Repeat the listing below verbatim, without its images.

### Collected material
**********

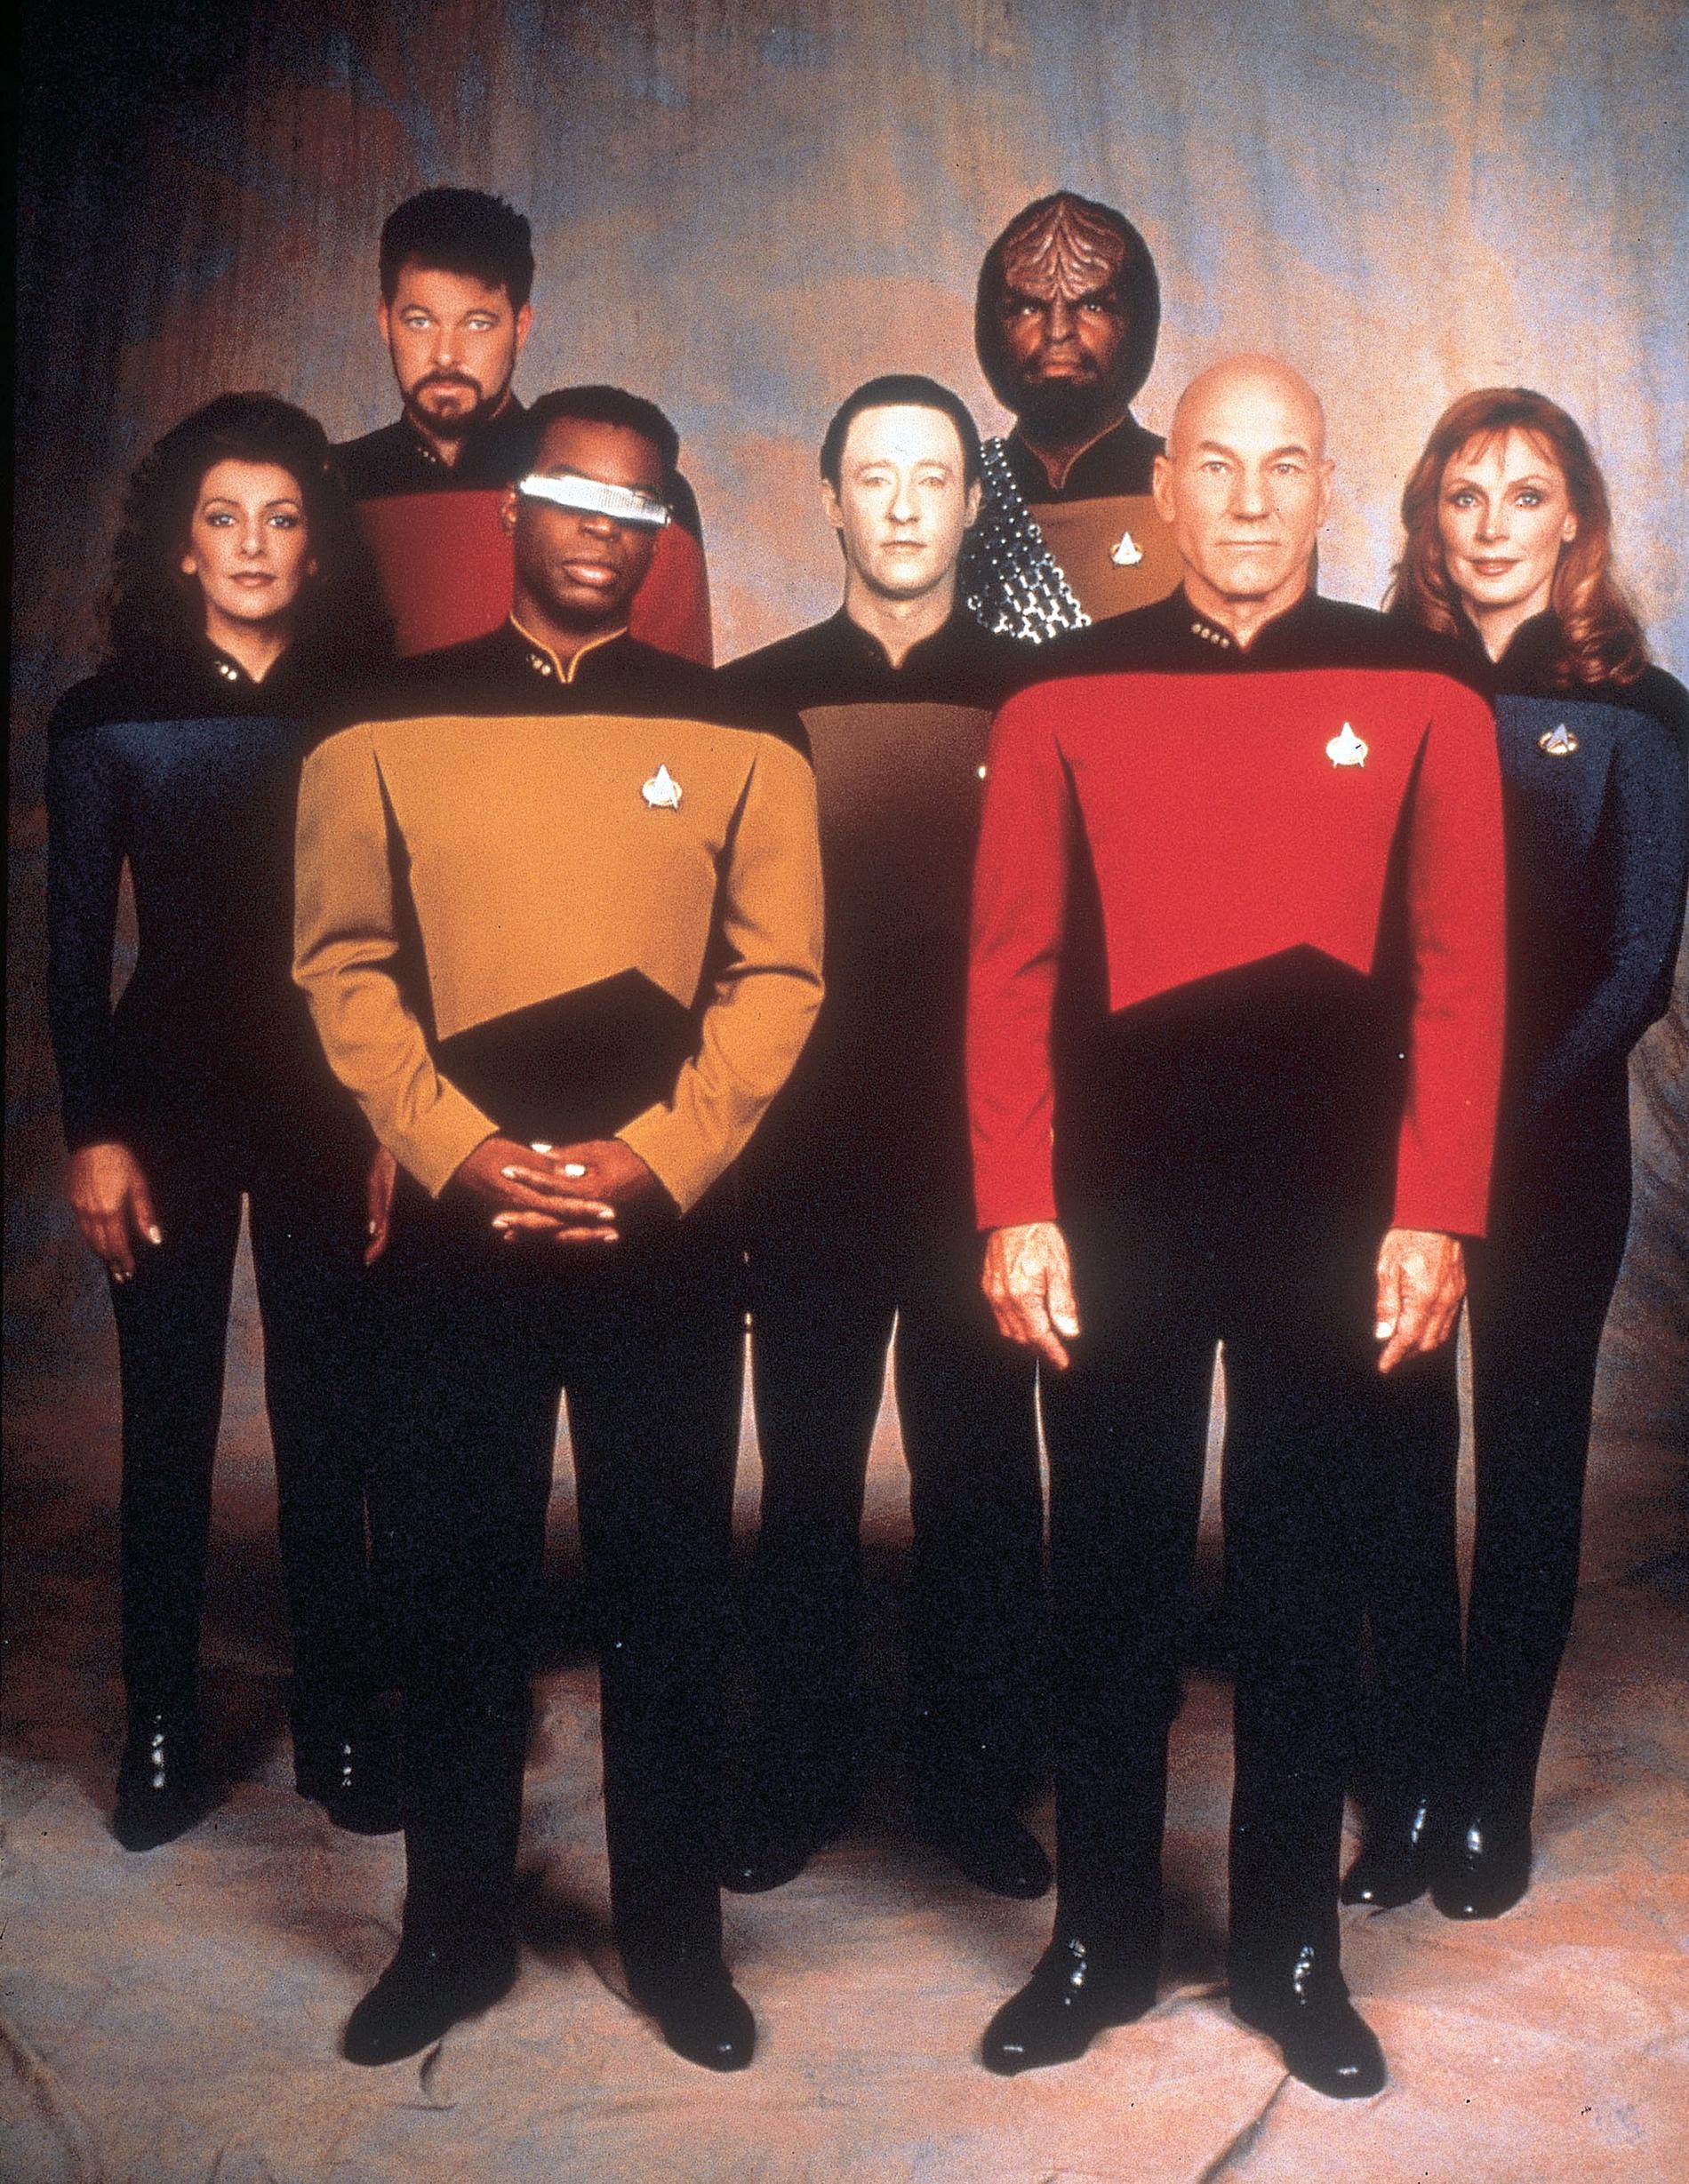 ”Star Trek: The next generation”
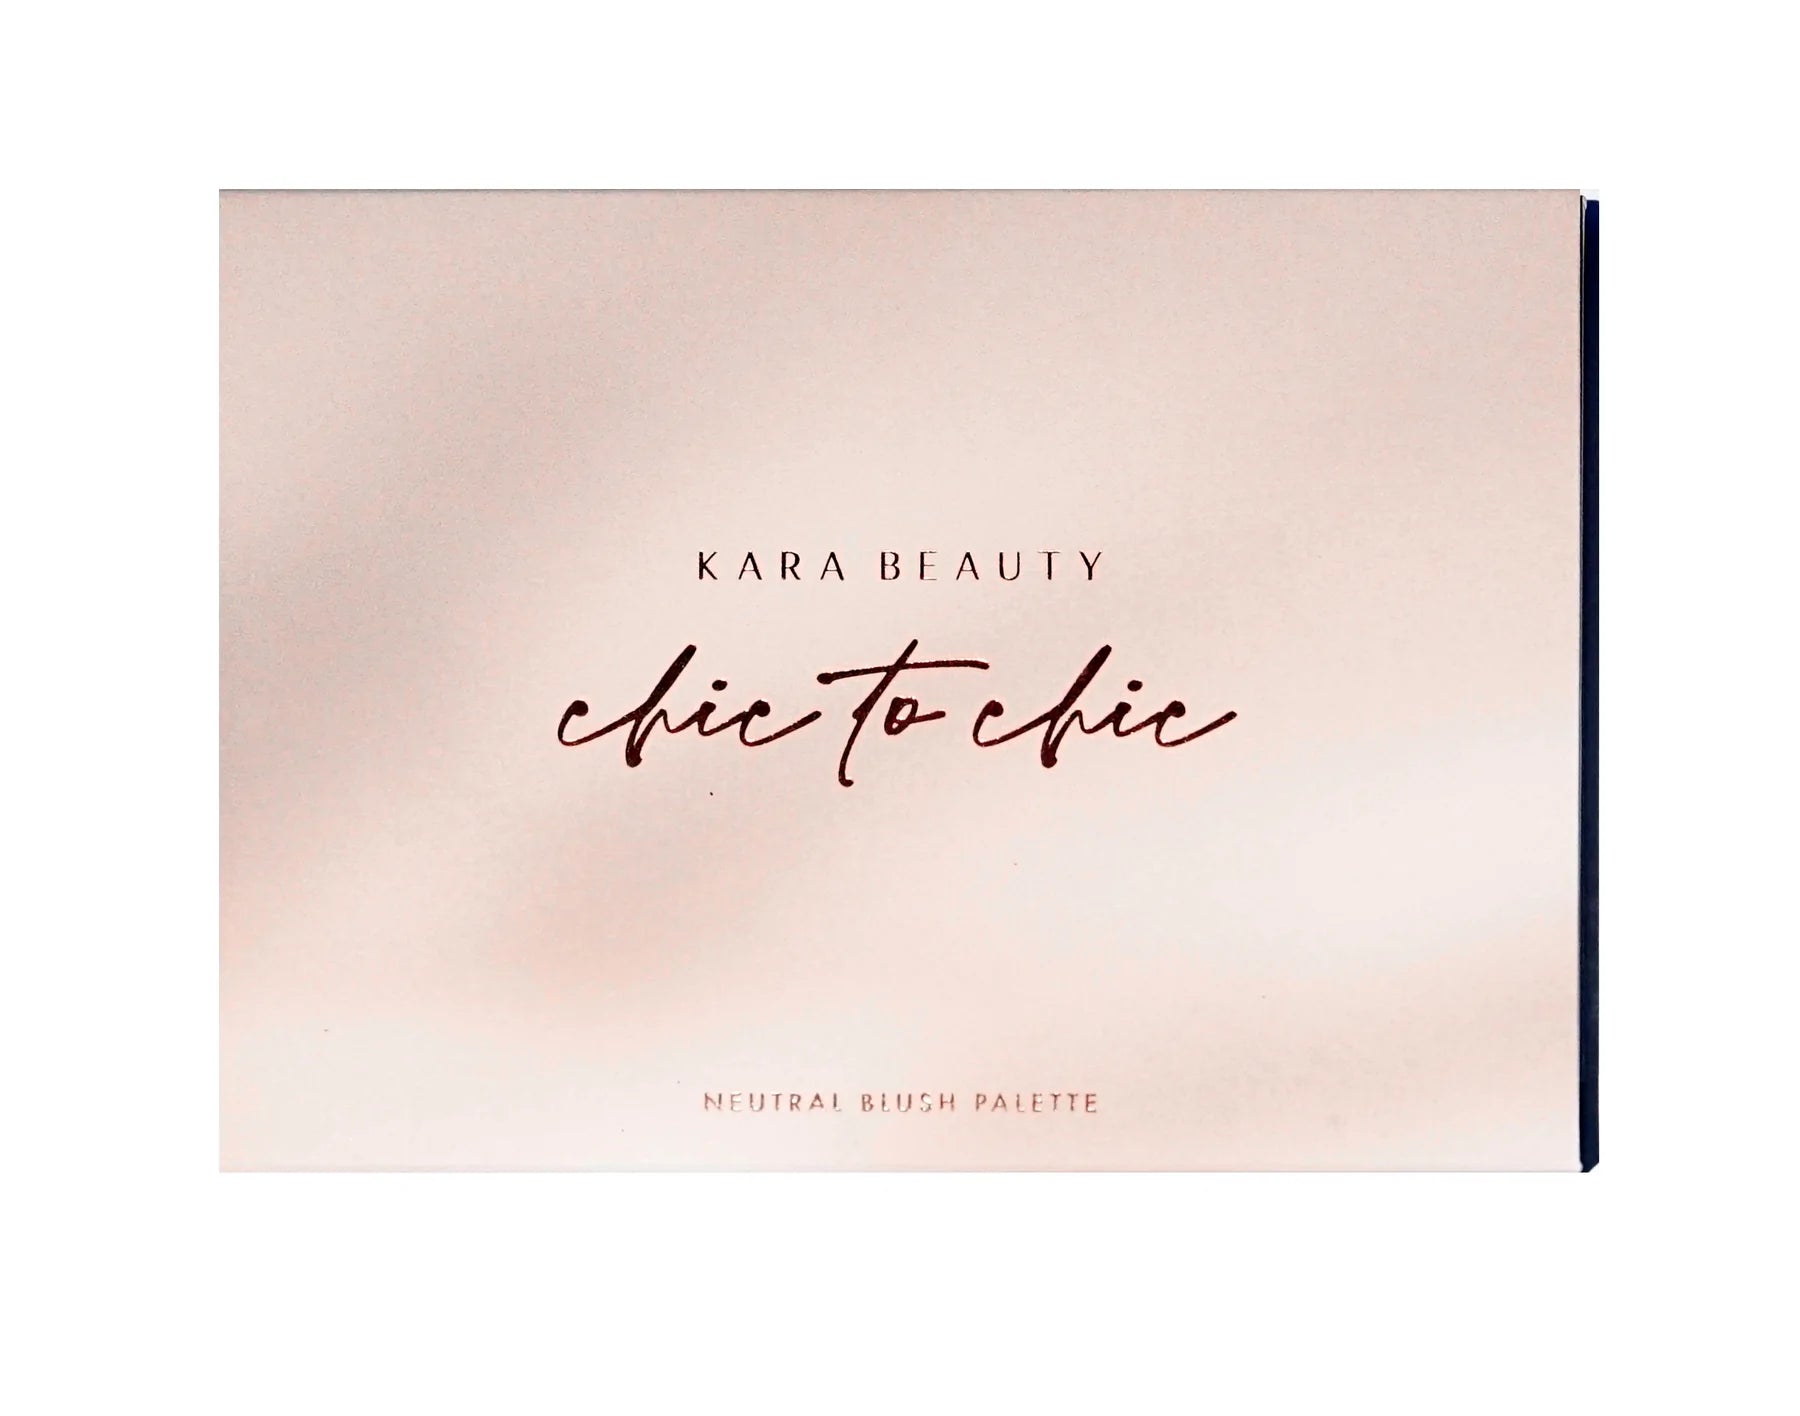 Kara Beauty - Chic To Chic Neutral Blush Palette
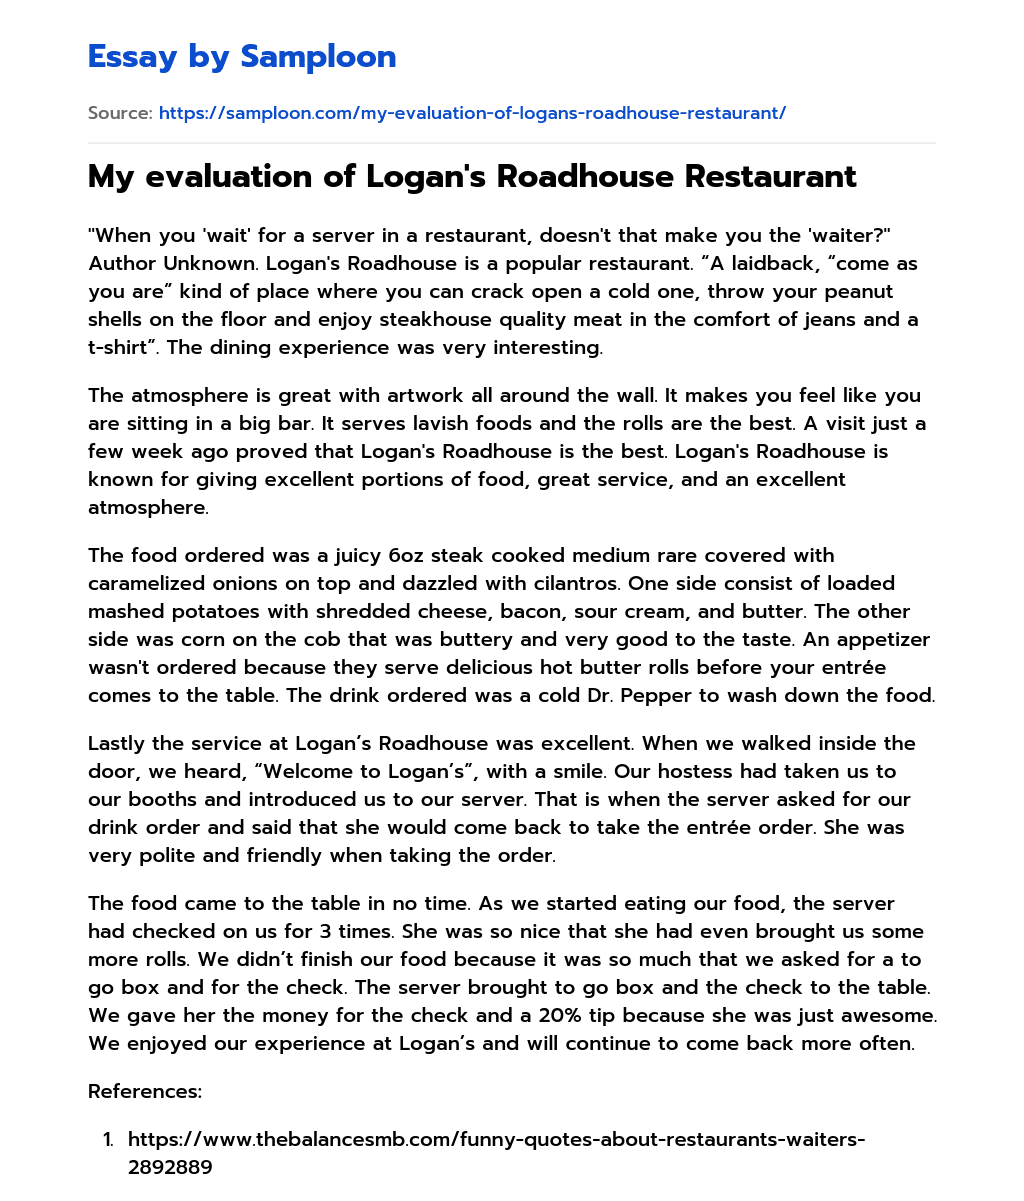 My evaluation of Logan’s Roadhouse Restaurant essay

**********

### Response area
 ”Star Trek: The next generation”
 Kara Beauty - Chic To Chic Neutral Blush Palette
 My evaluation of Logan’s Roadhouse Restaurant essay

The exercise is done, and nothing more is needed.